ACROSS the RIVER and INTO the TREES by ERNEST HEMINGWAY

They stopped and he looked at them both in the face and smiled his old and worn death smile. Then he looked down at their feet, as you always look at the feet of such people, since they wear their shoes too tight, and when you take the shoes off them you see their hammer-toes. The Colonel spat on the pavement and said nothing.

The two of them, they were the first thing he had sus­pected, looked at him with hatred and with that other thing. Then they were off like marsh-birds, walking with the long strides of herons too, the Colonel thought, and something of the flight of curlews, and looking back with hatred, waiting to have the last word if the distance was ever safe.

It is a pity they weren’t ten against one, the Colonel thought. They might have fought. I should not blame them, since they were defeated.

But their manners were not good in respect to a man of my rank and age. Also it was not intelligent to think all fifty year old Colonels would not understand their language. Nor was it intelligent to think old Infantry­men would not fight this early in the morning against the simple odds of two to one.

I’d hate to fight in this town where I love the people. I would avoid it. But couldn’t those badly educated youths realize what sort of animal they were dealing with? Don’t they know how you get to walk that way? Nor any of the other signs that combat people show as surely as a fisherman’s hands tell you if he is a fisherman from the creases from the cord cuts.

It is true they only saw my back and ass and legs and boots. But you’d think they might have told from the way they must move. Maybe they don’t anymore. But when I had a chance to look at them and think, Take the two of them out and hang them, I believe they under­stood. They understood quite clearly.

What’s a man life worth anyway? Ten thousand dol­lars if his insurance is paid up in our army. What the hell has that got to do with it. Oh yes, that was what I was thinking about before those jerks showed; how much money I had saved my government, in my time when people like Benny Meyers were in the trough.

Yes, he said, and how much you lost them at the Cha­teau that time at ten G’s a head. Well nobody ever really understood it except me, I guess. There’s no reason to tell them now. Your commanding general sometimes puts things down as the Fortunes of War. Back at Army they know such things are bound to happen. You do it, as ordered, with a big butcher-bill and you’re a hero.

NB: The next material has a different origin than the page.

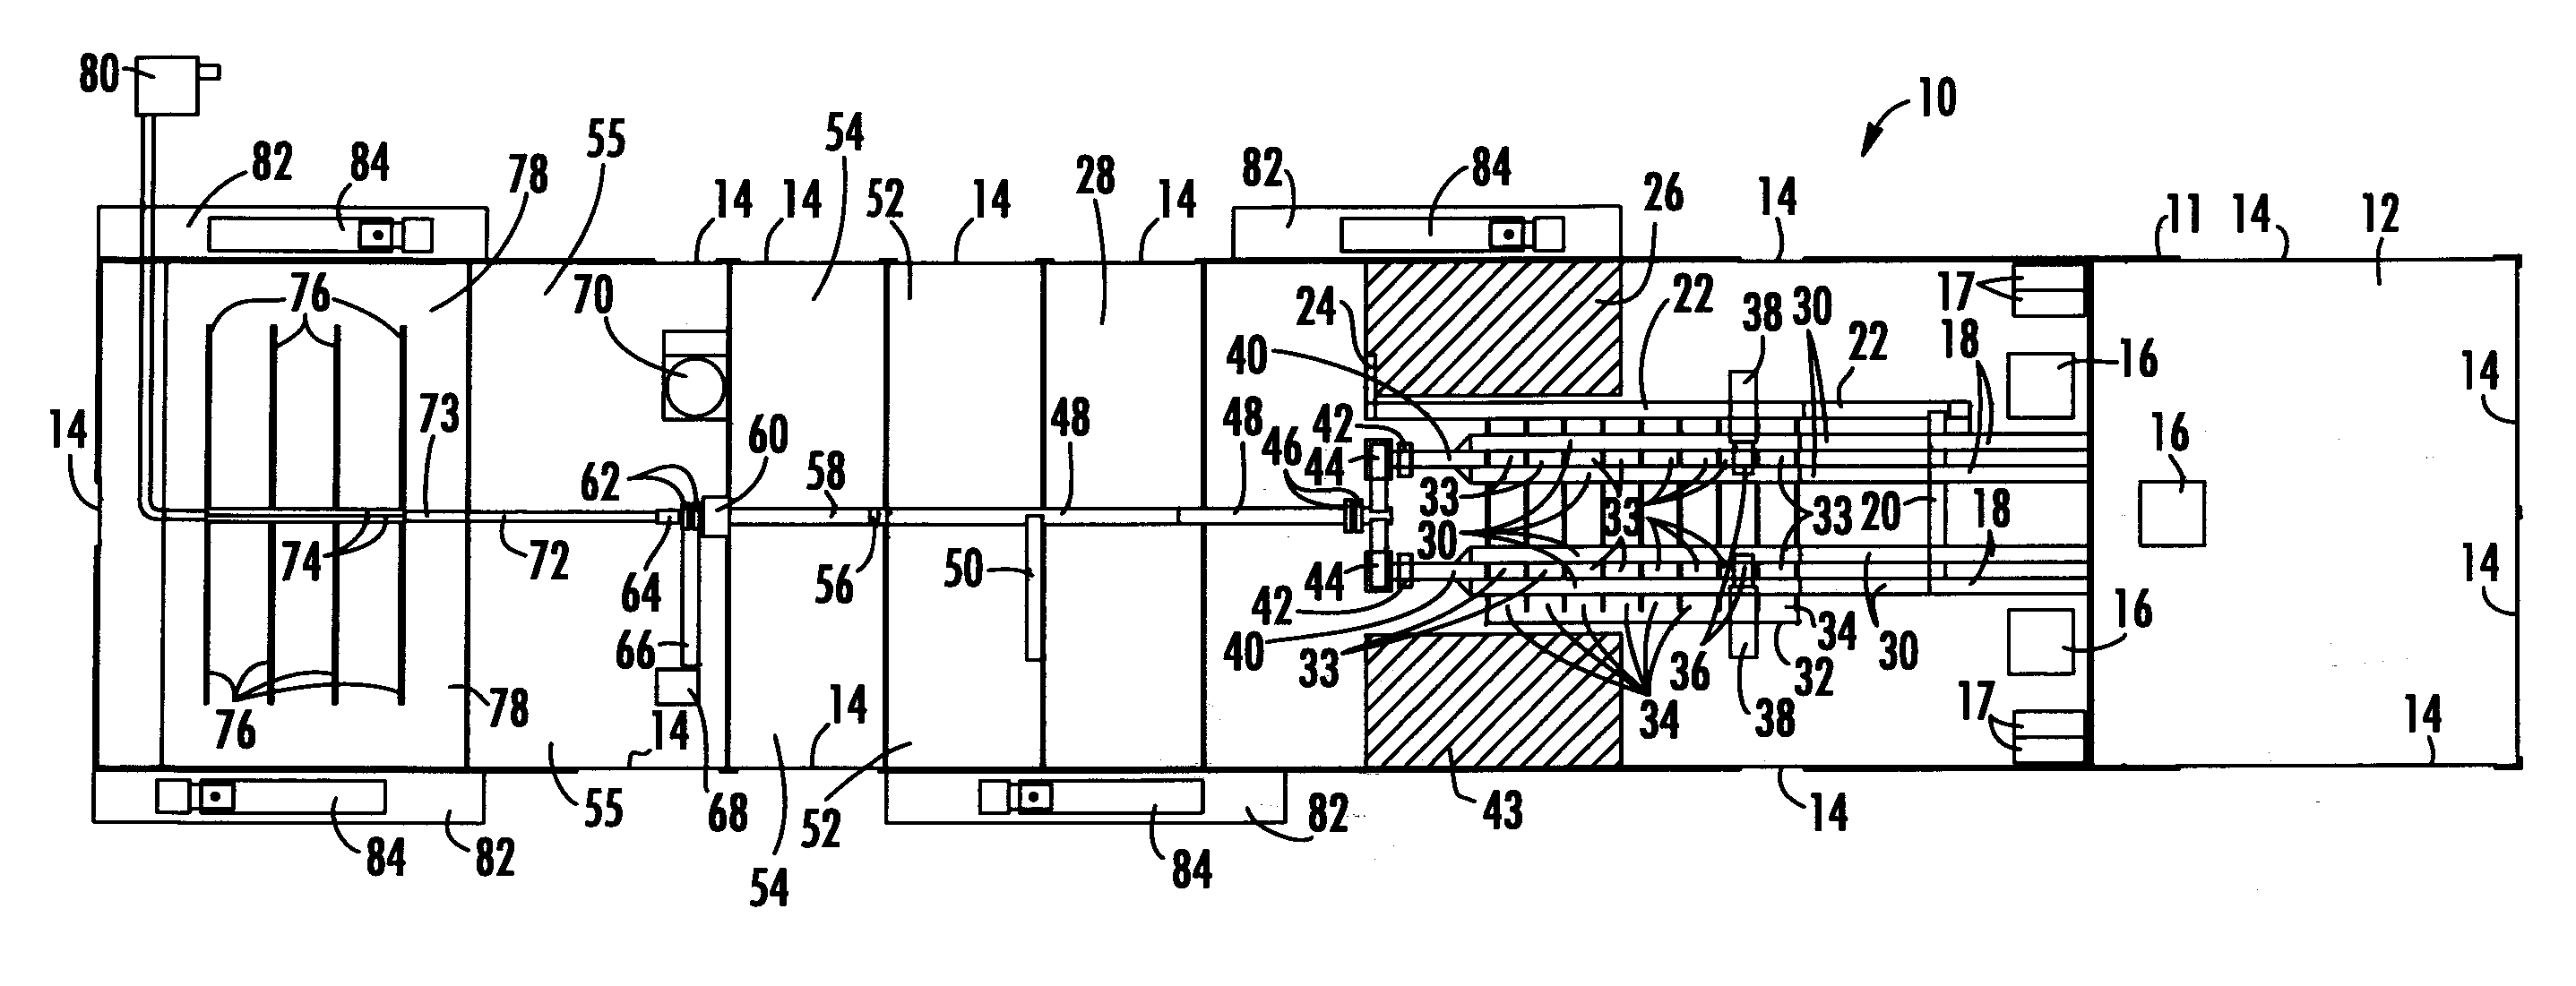 Construction and demolition waste recycling system and method

Christ, I am opposed to the excessive butcher-bill, he thought. But you get the orders, and you have to carry them out. It is the mistakes that are no good to sleep with. But why the hell sleep with them anyway. It never did any good. But they can certainly crawl into a sack some­times. They can crawl in and stay in there with you.

Cheer up, boy, he said. Remember you had a lot of money on you when you picked that one. And you might have been stripped if you lost. You can’t fight a lick any­more with your hands, and you didn’t have any weapon.

So don’t be gloomy, boy, or man, or Colonel, or busted General. We’re almost to the market now and you made it without hardly noticing.

Hardly noticing is bad, he added.

CHAPTER XXII

HE loved the market. A great part of it was close-packed and crowded into several side streets, and it was so con­centrated that it was difficult not to jostle people, unin­tentionally, and each time you stopped to look, to buy, or to admire, you formed an îlot de resistance against the flow of the morning attack of the purchasers.

The Colonel liked to study the spread and high piled cheeses and the great sausages. People at home think mortadella is a sausage, he thought.

Then he said to the woman in the booth, “Let me try a little of that sausage, please. Only a sliver.”